DNA :: Major DNA differences in human genome leads to revised DNA map

A US-led team made a detailed analysis of the DNA found in 270 people and identified vast stretches in their codes to be duplicated or even missing. In 2000, the Human Genome Project unveiled a road map of the six billion chemical bases, or alphabet molecules, that make up the body’s genetic structure called DNA.

Humans are genetically more diverse and the repercussions could be far-reaching for medical diagnosis, new drugs and the tale of human evolution itself, a new research, published in the British journal Nature, suggests. Scientists have shown that our genetic code varies between individuals far more than was previously thought.

The human genome is the genome of Homo sapiens, which is composed of 24 distinct chromosomes with a total of approximately 3 billion DNA base pairs containing an estimated 20,000-25,000 genes.

The Human Genome Project produced a reference sequence of the euchromatic human genome, which is used worldwide in biomedical sciences. The human genome is much more gene-sparse than was initially predicted at the outset of the Human Genome Project, with only about 1.5% of the total length serving as protein-coding exons.

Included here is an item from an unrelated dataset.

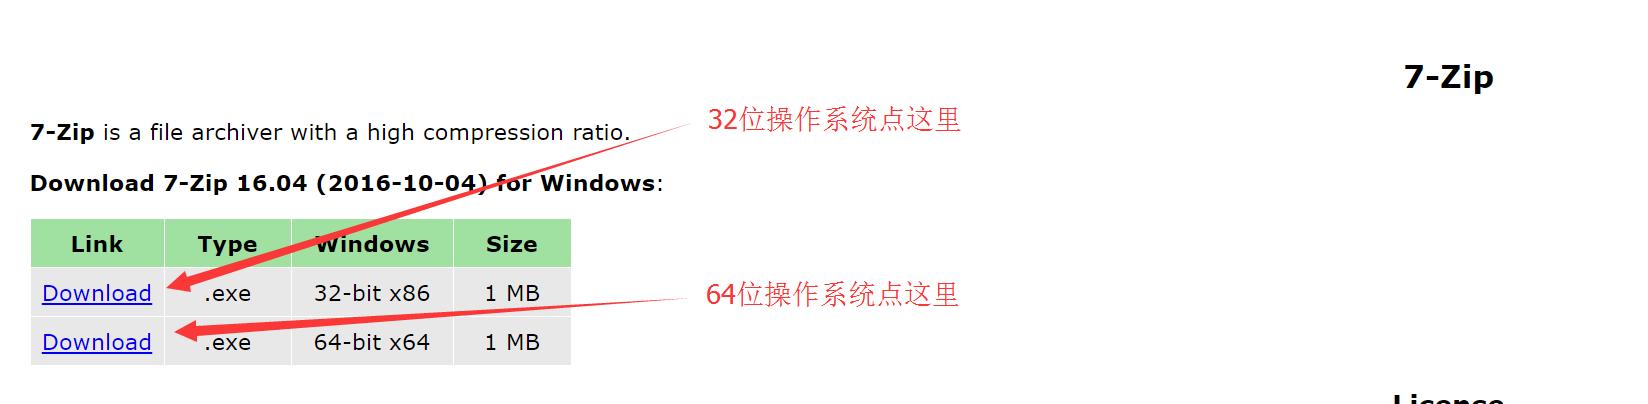 7-Zip官网下载

Most studies of human genetic variation have focused on single nucleotide polymorphisms (SNPs), which are substitutions in individual bases along a chromosome. Most analyses estimate that SNPs occur on average somewhere between every 1 in 100 and 1 in 1,000 base pairs in the euchromatic human genome, although they do not occur at a uniform density.

Thus follows the popular statement that “all humans are at least 99% genetically identical”, although this would be somewhat qualified by most geneticists. A large-scale collaborative effort to catalog SNP variations in the human genome is being undertaken by the International HapMap Project.